The other squad mates and maintenance crew all seemed to believe he was doing it in the same vein of how the battle-crazed Imperial nobles would claim the severed heads of their enemies as a prize. Shin, being the god of pestilence that he was, instead boasted the number of allies he got killed instead of the enemies he slayed.

But Isuka knew that wasn’t the case. Before, some squad mates who’d been relatively sympathized toward Shin and were now dead said that he was doing it because of a promise he’d made with his first squad captain. The last one to survive would remember those who had died fighting beside them and carry them with him. This was how he kept that promise up.

Would he end up bringing Isuka with him, too…?

…That’s stupid.

“I’m sure you’re not enough of a birdbrain to forget what Mirei did to you. And you’re still taking him along?”

The water he’d splashed on him, the insults he’d hurled every day, how he’d always use him as a decoy to stall the enemy. And he was still taking him along?

“Are you seriously that stupid? Between this and how you keep trying to save the dying… Do you get off on being a hero or something?”

“…That’s not it.” Shin’s reply was indifferent, like he didn’t even fully acknowledge Isuka was there.

He was probably looking back to whoever forced that promise on him, someone who was already gone. Whatever irresponsible person they were to force him to make that promise before going ahead and dying first.

“It’s because the Eighty-Six don’t get graves. If someone doesn’t remember those who died, they’ll just disappear. So I just want to remember everyone.”

“Oh,” Isuka said with a thin sneer. “So what kind of guy was Mirei? A petty bully who picked on and shouted at anyone smaller than him every day, only to die like a bitch?”

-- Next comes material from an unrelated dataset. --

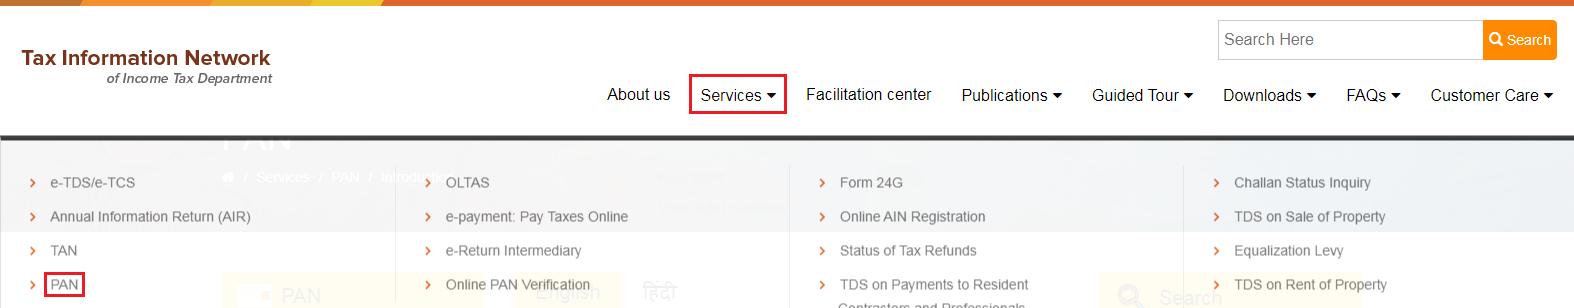 TIN-NSDL - PAN Services
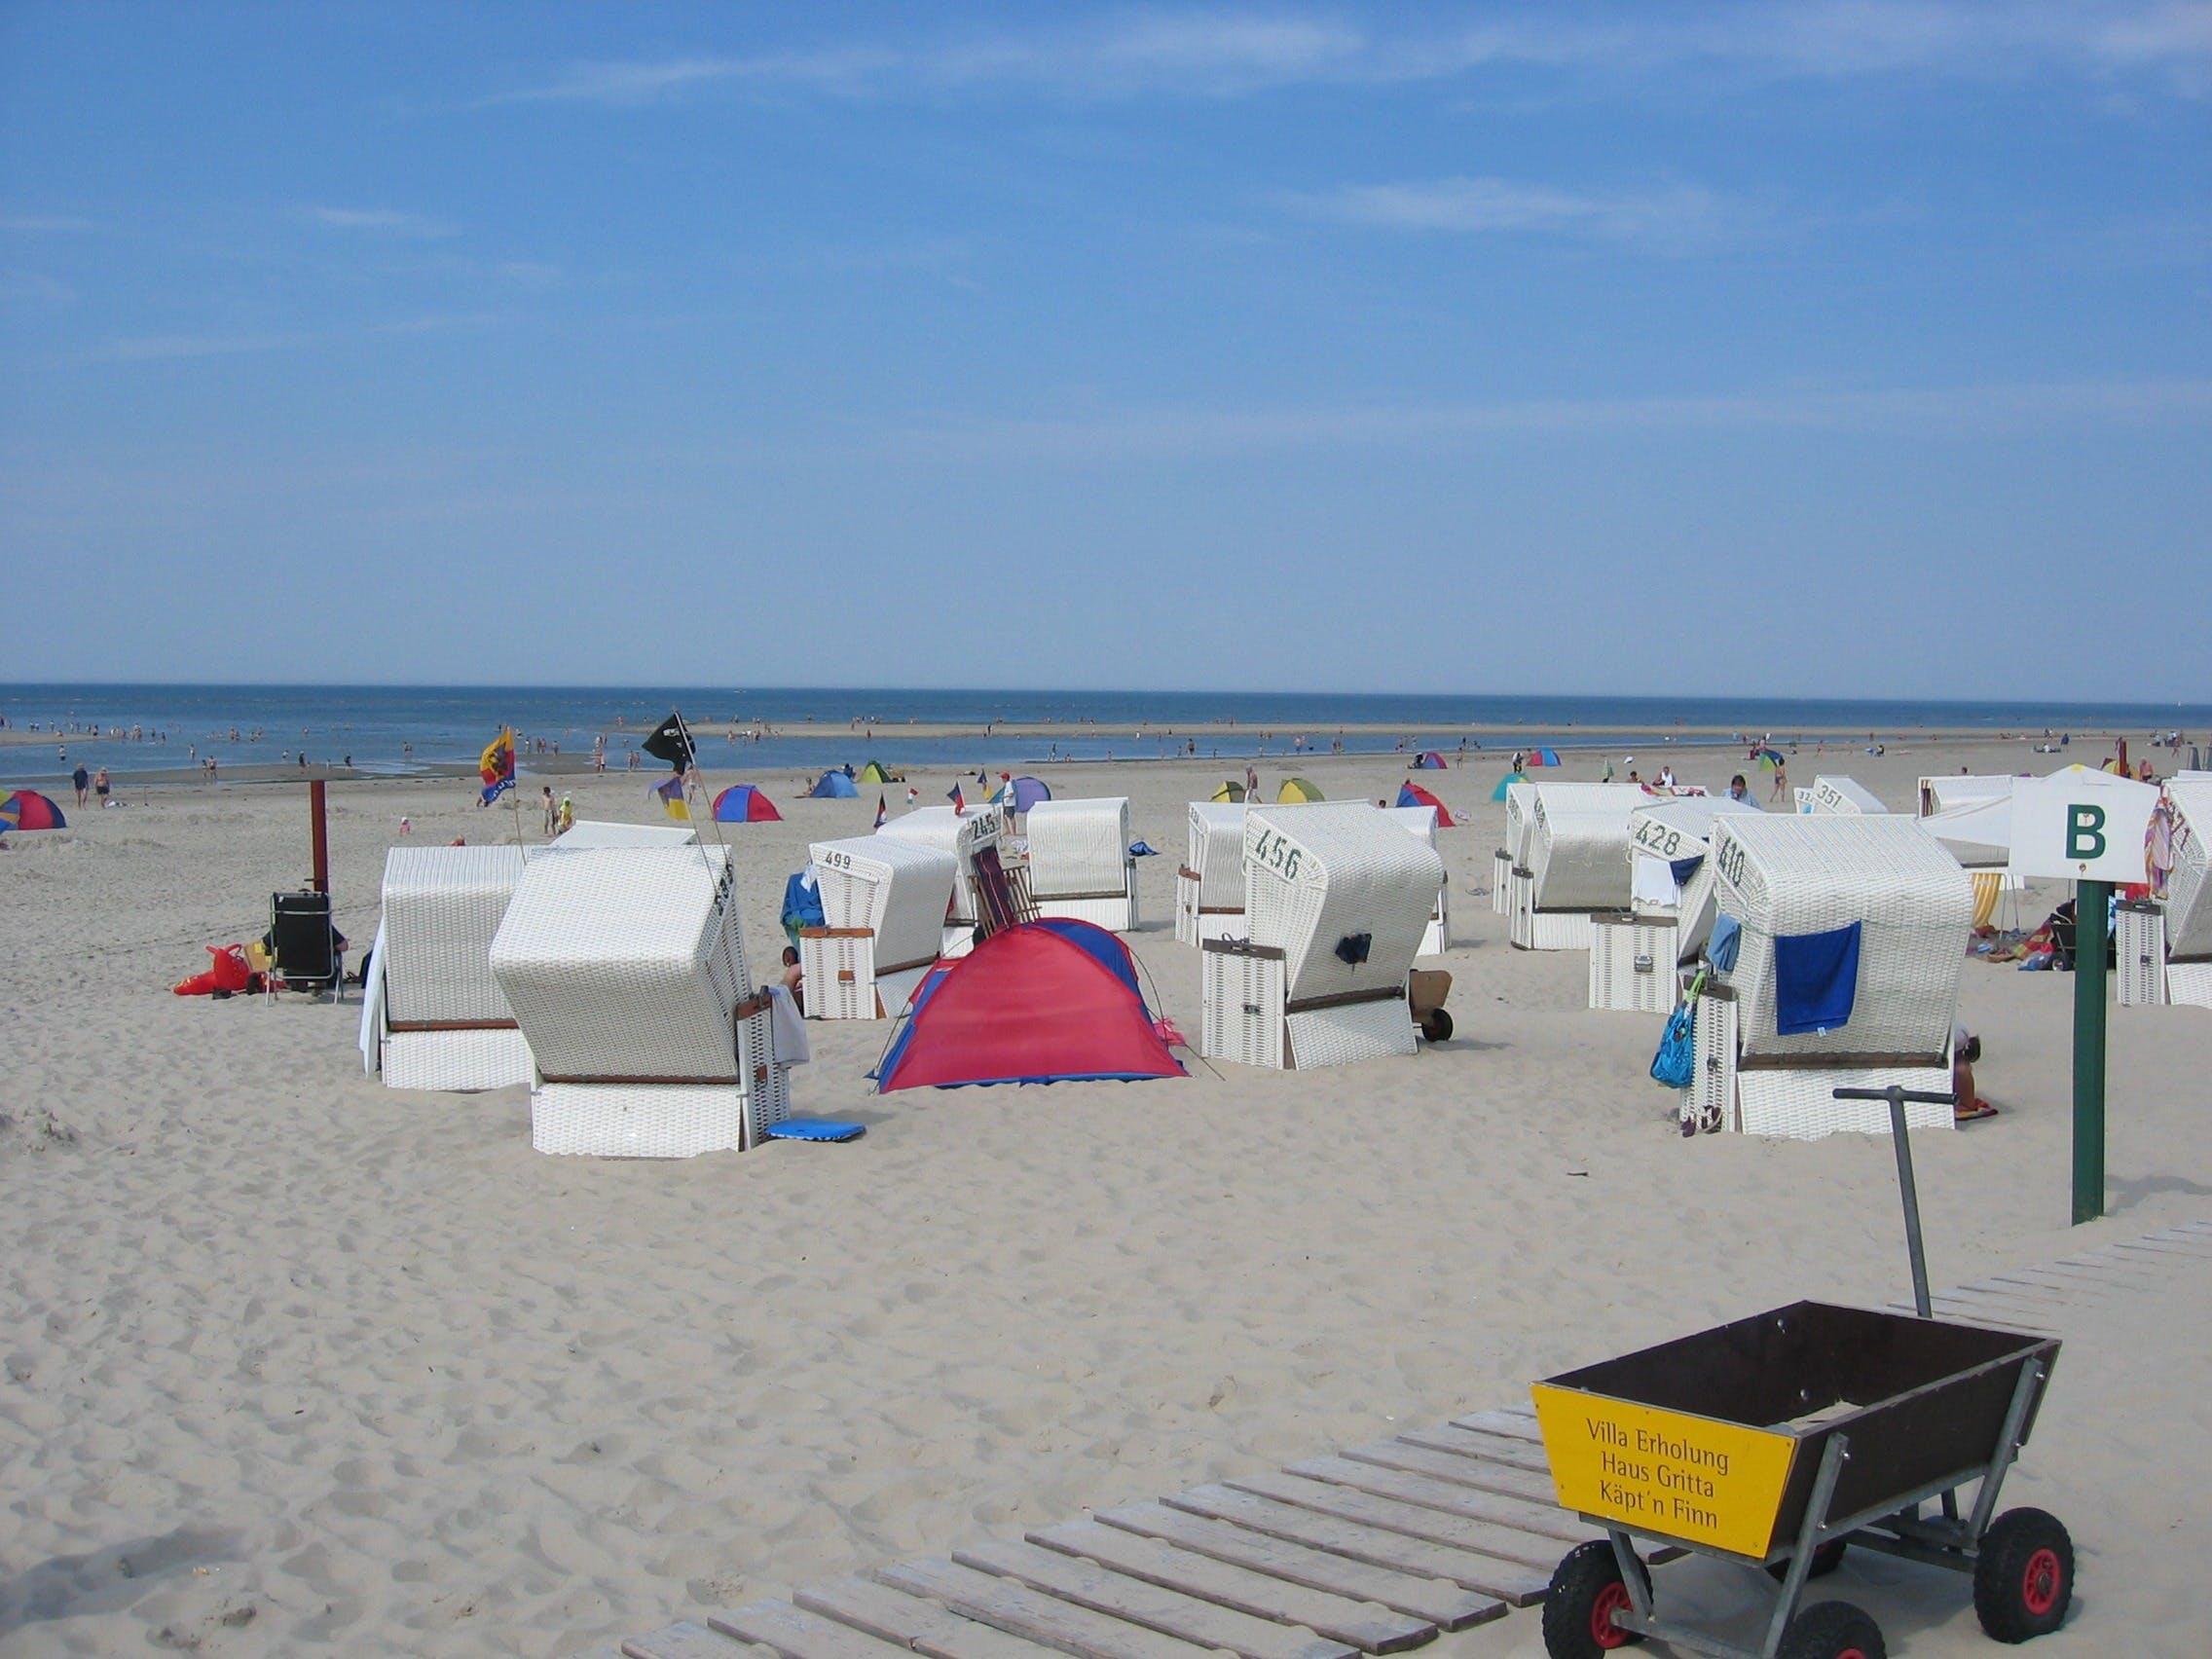 Free stock photo of beach, sand, North Sea, clubs

No one would want to be remembered like that.

But Shin didn’t seem to acknowledge Isuka’s sneering, his crimson eyes instead sinking into reminiscence.

“…He was a joker who always laughed, always put on a brave face even when it was hard, and always tried to keep his friends cheery.”

The sneer disappeared from Isuka’s face.

“He never directed that behavior at me, but just looking from the side, I could tell that was how he treated others…and that’s something good enough for me to take along.”

“…”

Isuka contorted his face bitterly. At that moment, it finally hit home why this brat pissed him off so much.

“…You think you’re some kind of saint, kid? Here, in a battlefield where no one’s human?”

The Eighty-Sixth Sector is hell. No one can stay normal in a place like this. And Shin was still holding on to his dignity, on to the image of what a sane, decent human being should be. That was something Isuka had discarded, and he wasn’t interested in ever picking it up again, but it felt like Shin was showing him off.

“I’m just doing what I want to do and not doing what I don’t want to do.”

Because I don’t want to end up like you.

“Fucking brat—,” Isuka growled.

“Besides,” Shin cut him off.

He finally averted his clear, bloodred eyes, displaying a hint of bitterness for the first time.

“Even I have things I don’t do, despite the fact that I could… Even if I told you, no one in this squadron would believe me anyway. So there’s no point in saying anything.”